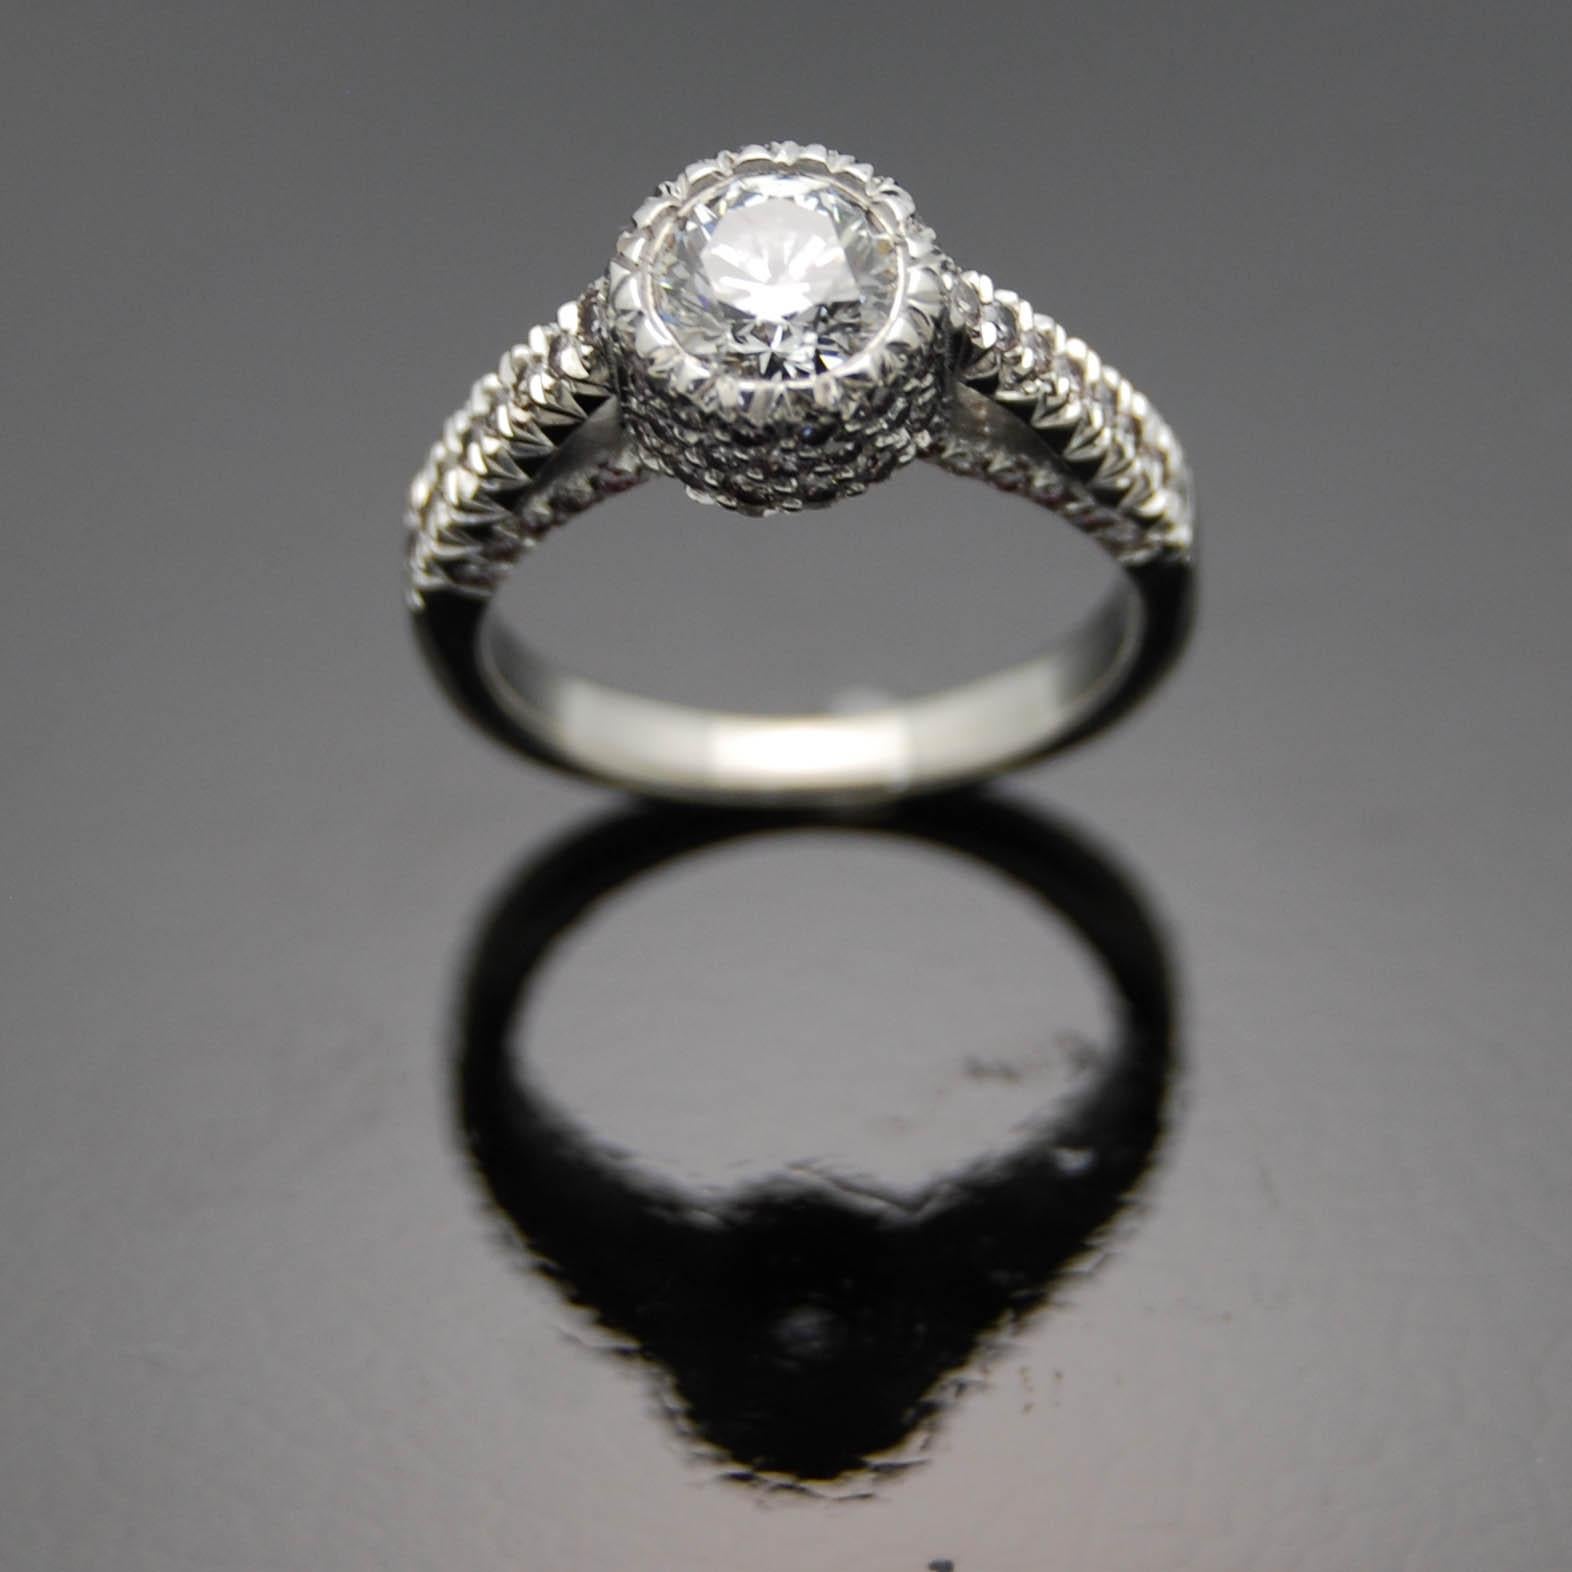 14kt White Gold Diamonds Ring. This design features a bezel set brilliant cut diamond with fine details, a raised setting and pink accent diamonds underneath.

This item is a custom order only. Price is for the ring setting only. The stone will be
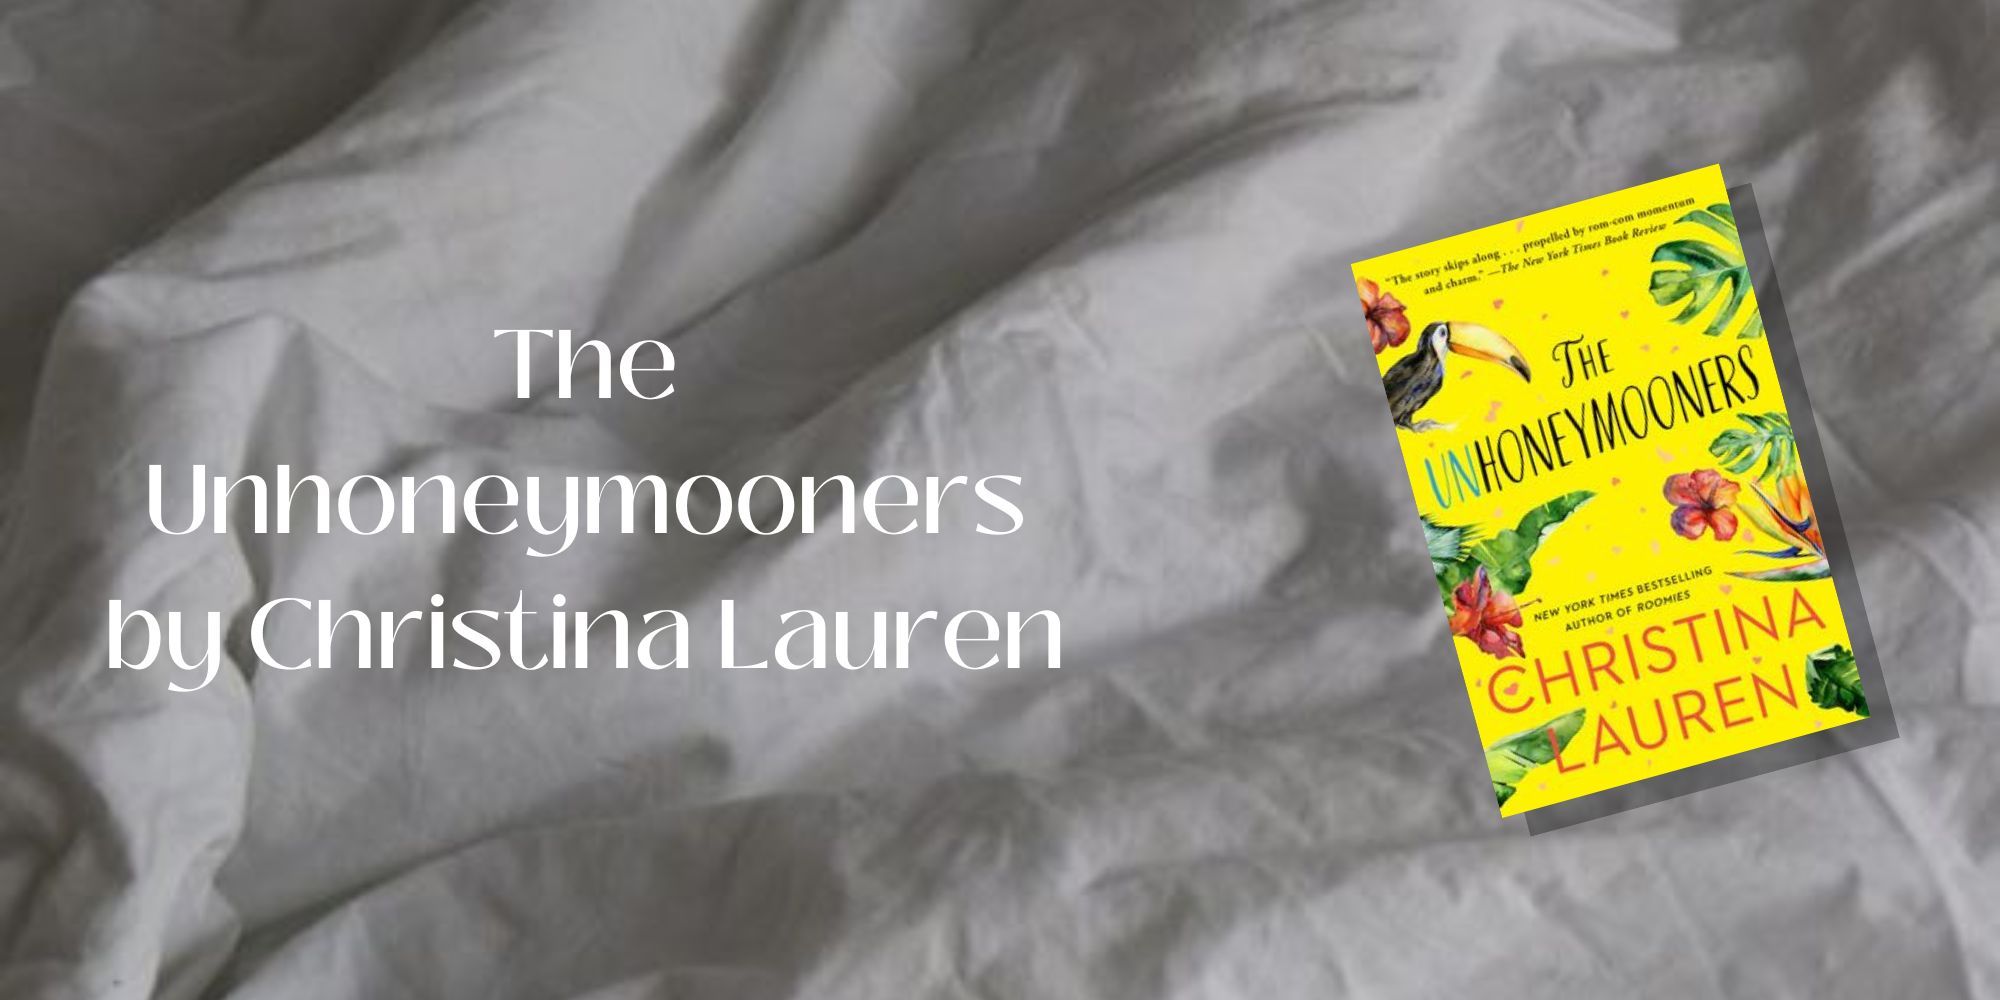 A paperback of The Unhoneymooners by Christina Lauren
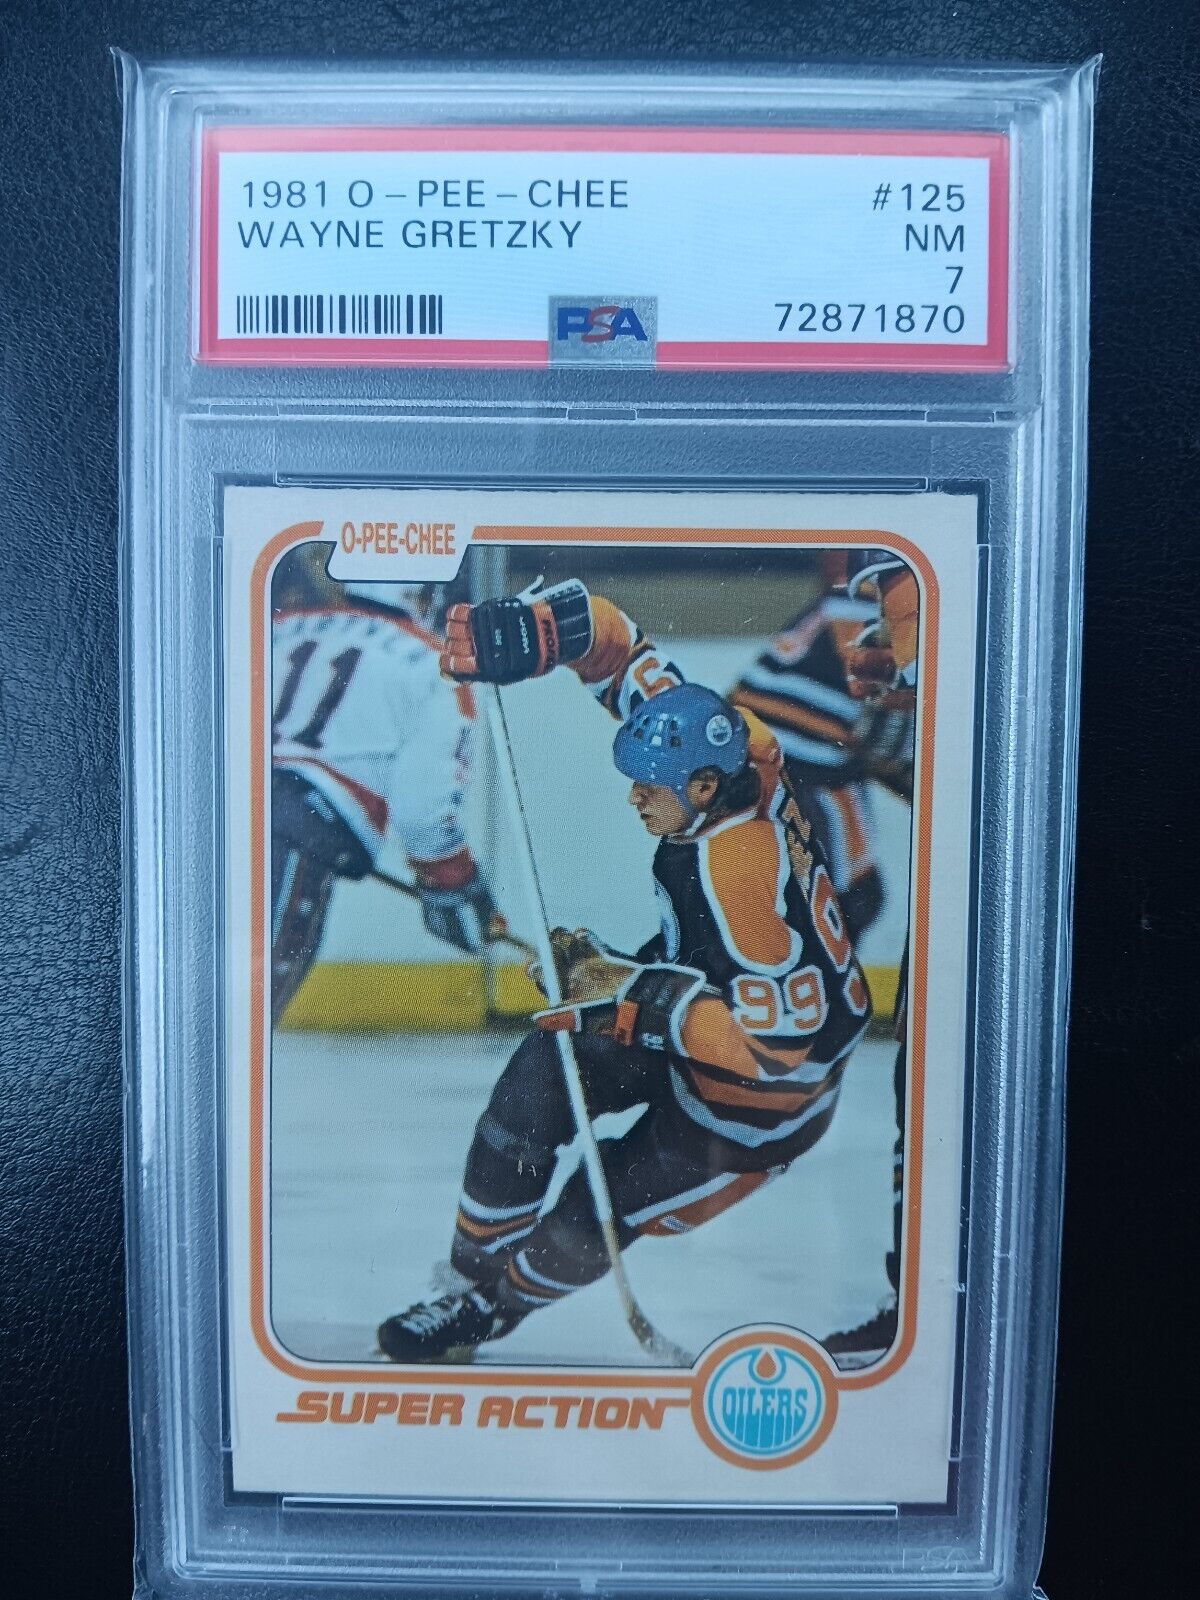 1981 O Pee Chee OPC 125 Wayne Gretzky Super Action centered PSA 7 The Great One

The task: The copy has to start at the line that contains "A paperback of" and end at the last line of the material above, matching the original exactly and holding no pictures.

Solution to this exercise:
 A paperback of The Unhoneymooners by Christina Lauren
 1981 O Pee Chee OPC 125 Wayne Gretzky Super Action centered PSA 7 The Great One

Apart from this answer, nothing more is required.